Prime Minister Kyriakos Mitsotakis hailed the work of Mark Mazower on Greek history in his videotaped address for the presentation of the Greek edition of “The Greek Revolution: 1821 and the Making of Modern Europe,” saying the historian has been devoted to “firmly placing Greek history in the greater context of the history of Europe.” Mentioning that the historian became an honorary citizen of Greece, the premier said that Mazower’s recent book,” will contribute to Greek historiography and will prove a landmark in the Greek people’s diligent search for national self-awareness.”

In his own address at the launch of the Greek translation of his book, Mazower thanked his publishing house Alexandeia in Greece, the translator Nikos Kouremenos as well as “the extraordinary fellow historians 1821 who have been and continue to transform our understanding of the subject” adding that “this book could not have been written without the articles and the conference proceedings, the books and the dissertations of the previous 50 years”.
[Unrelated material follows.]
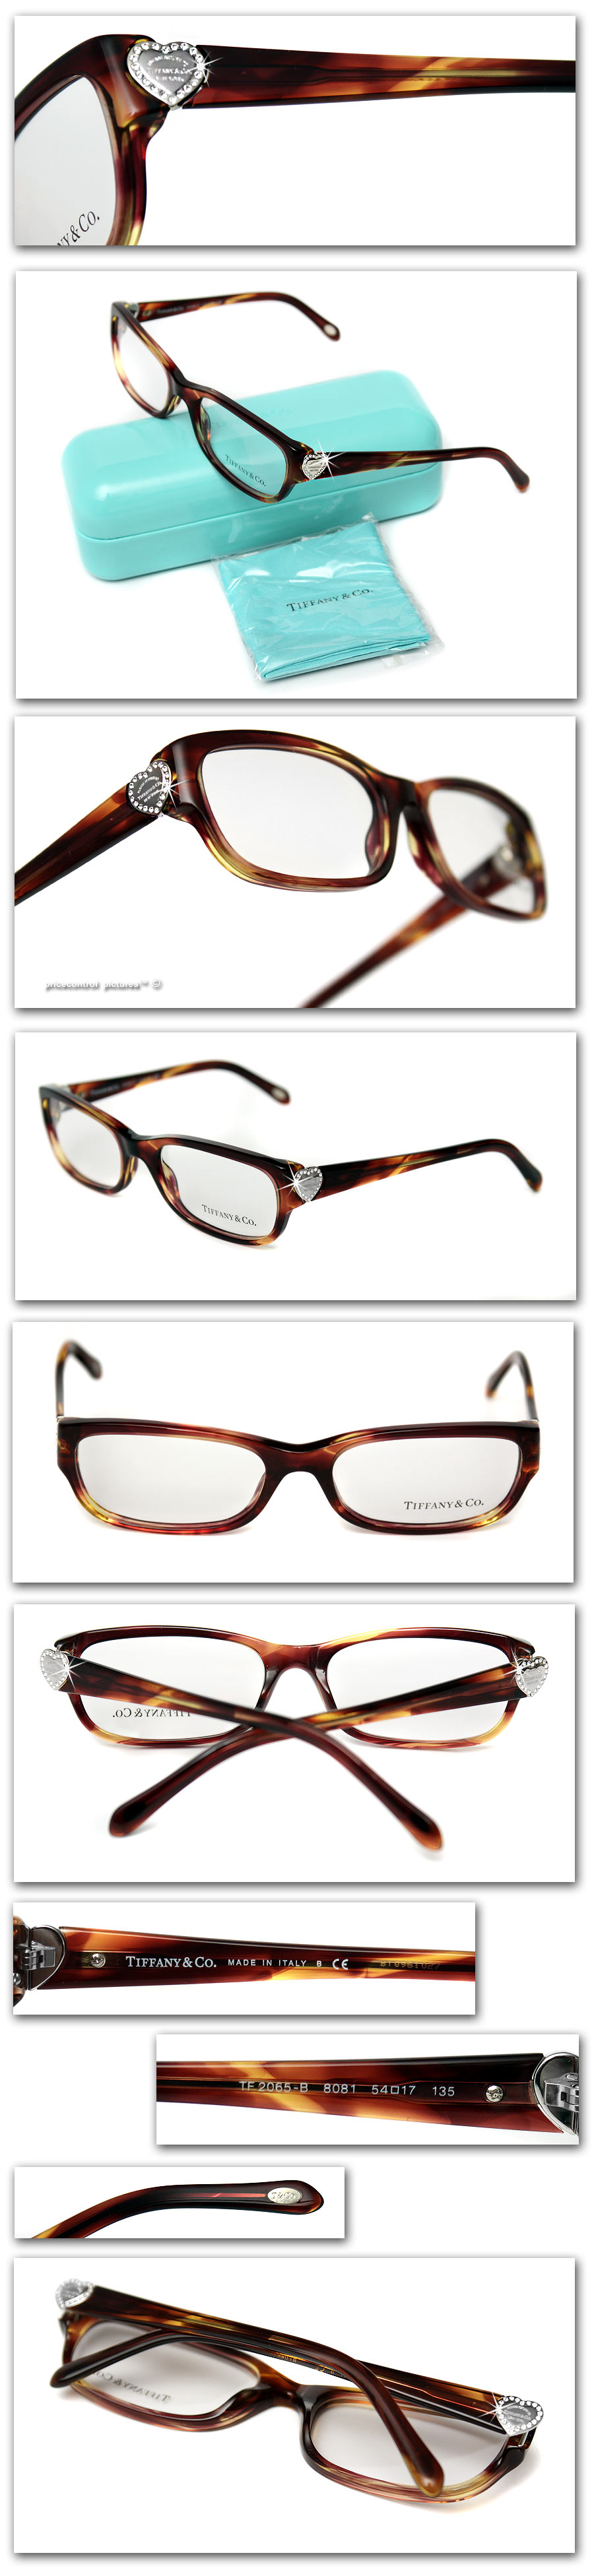 Tiffany Eyeglass Frames With Crystals : USD490 TIFFANY & Co. Ladies DIAMOND CRYSTAL HEART GLASSES eBay
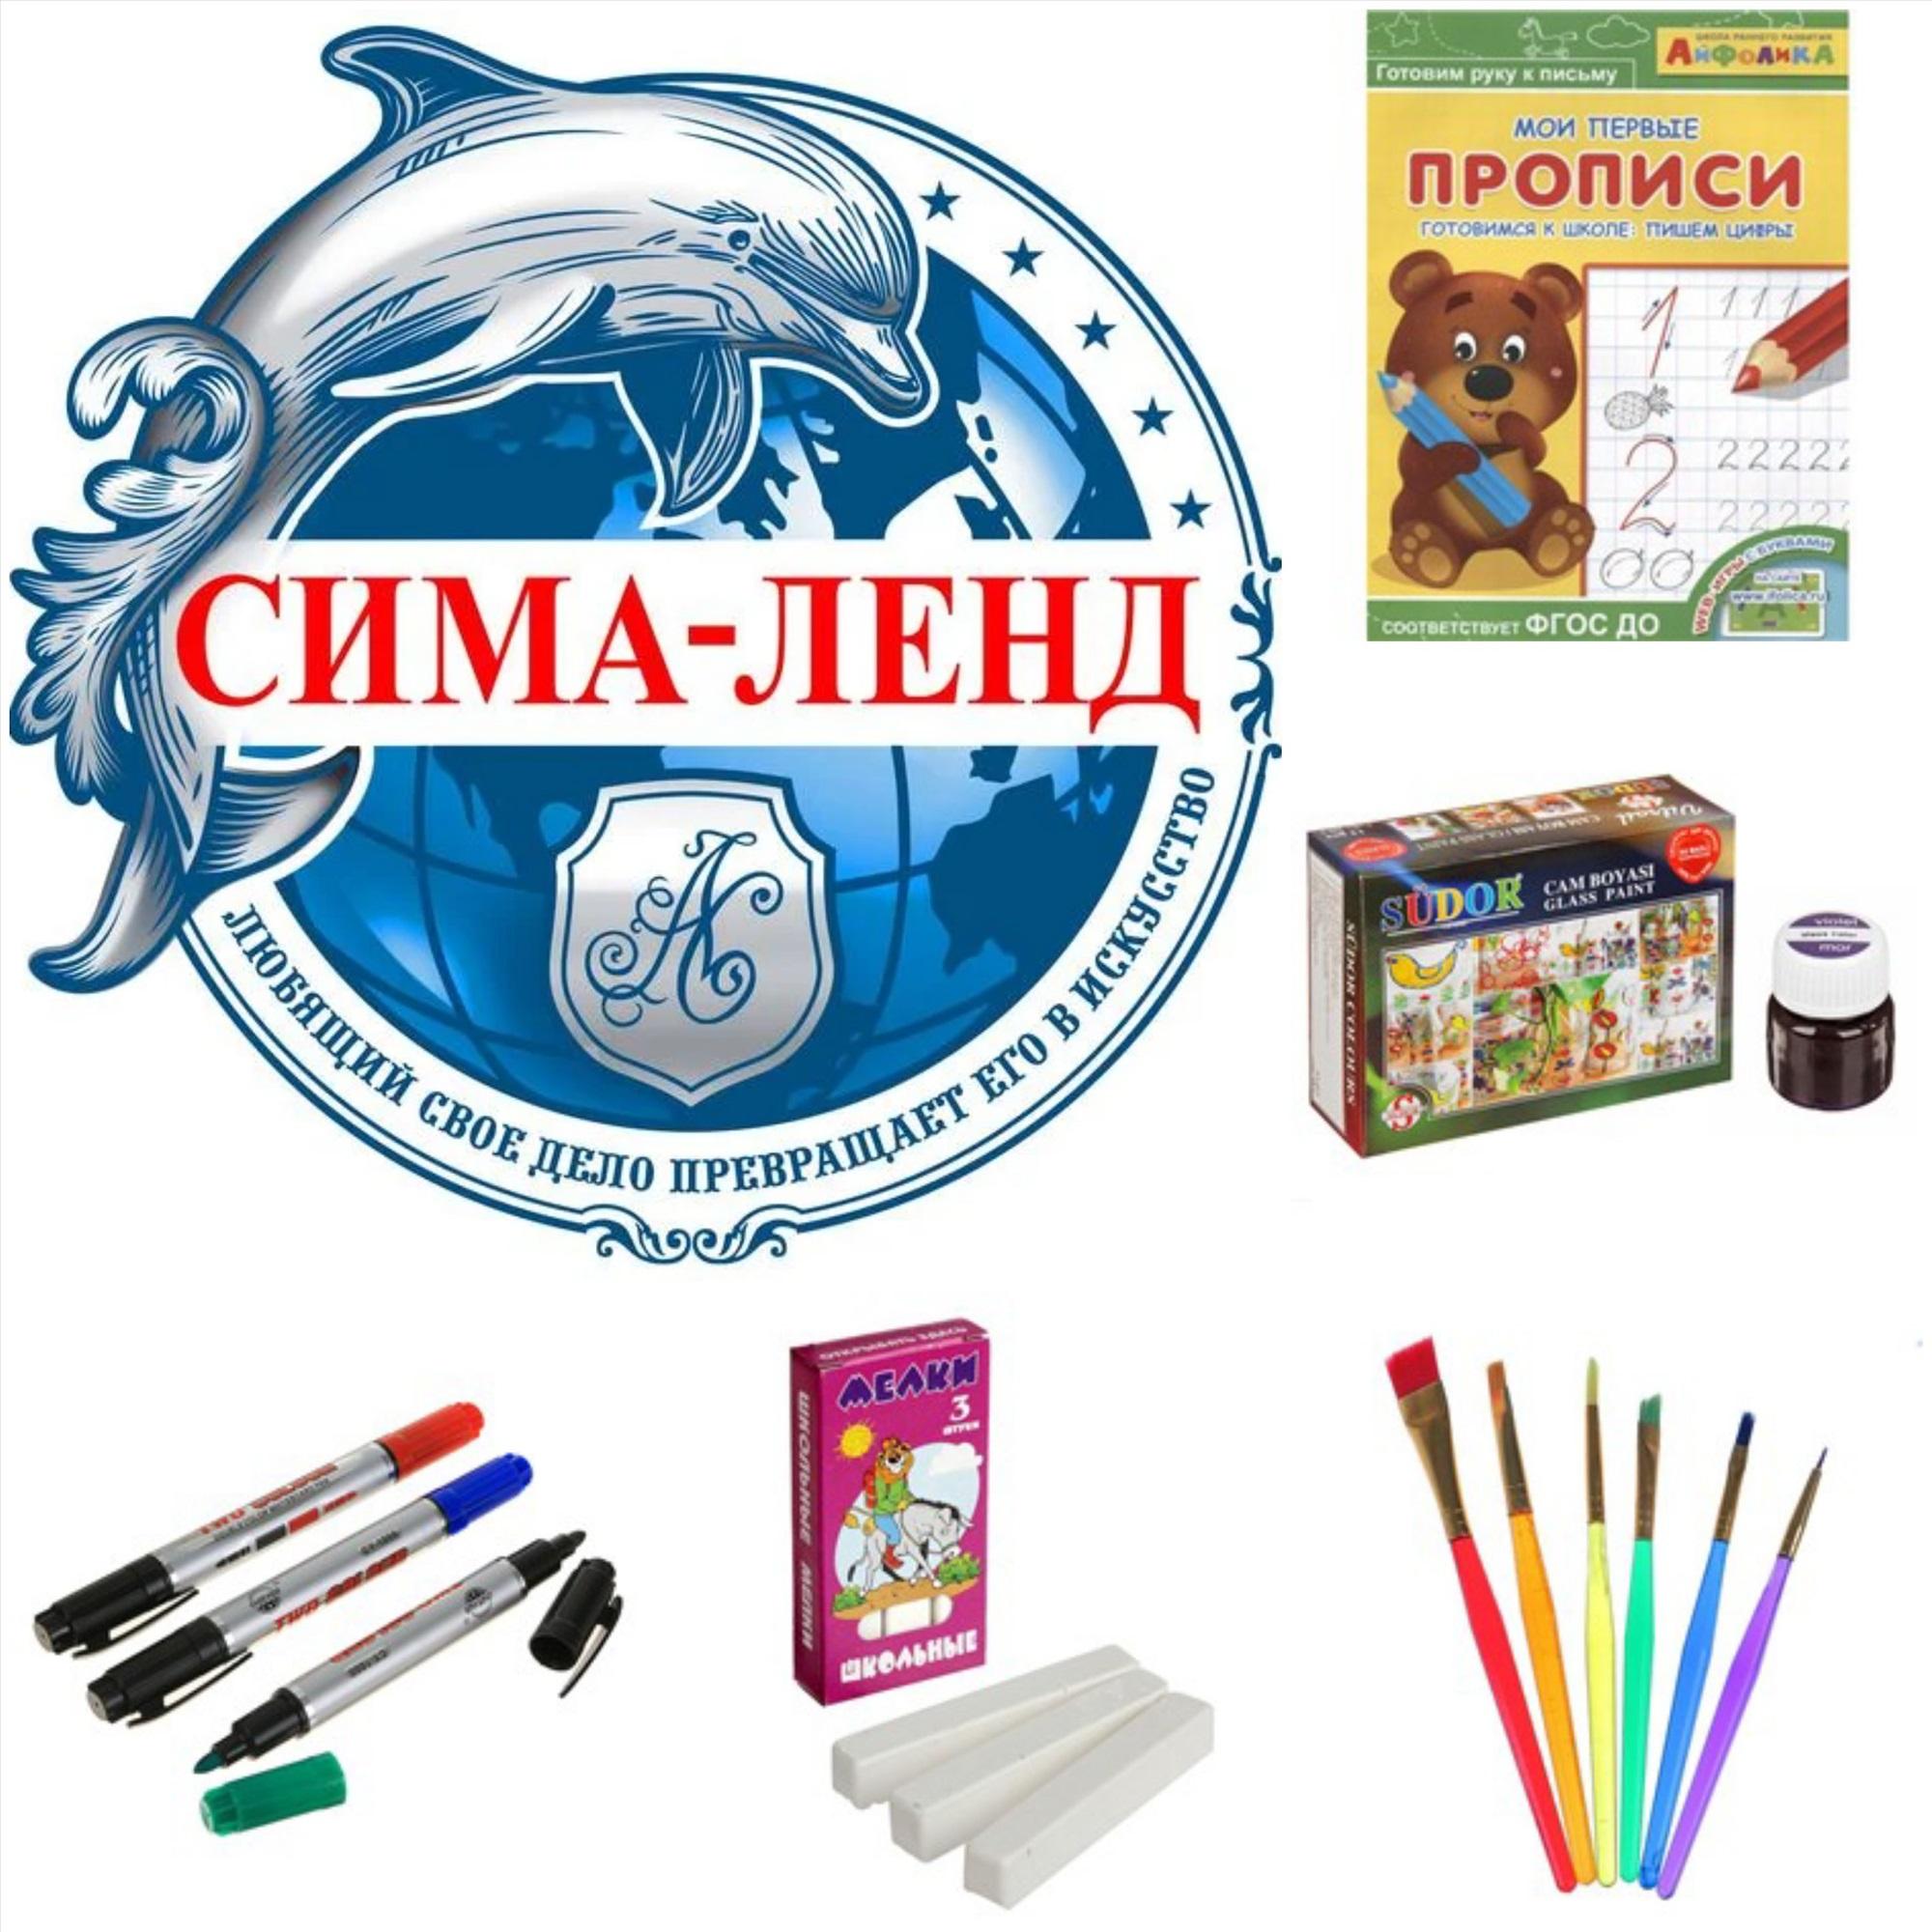 сималенд ру каталог товаров для творчества

Mazower went on say that while “it’s fair to say that the Junta more or less killed serious interest in the historiography of 1821 for quite a long time”, in the 1990s there started “a wave of new, extraordinary research”, specifying that “the sheer volume of high-quality research that has been produced in Greek over the last 30 years has been absolutely extraordinary”. He added that furthermore, in comparison to other countries, “Greece is now blessed with one of the most sophisticated, diverse, and cosmopolitan, polyglot community of historians anywhere in the world. Greece is fortunate in her historians, has nourished them with a deep popular attachment to history and will, I hope, continue to support them in the years to come.”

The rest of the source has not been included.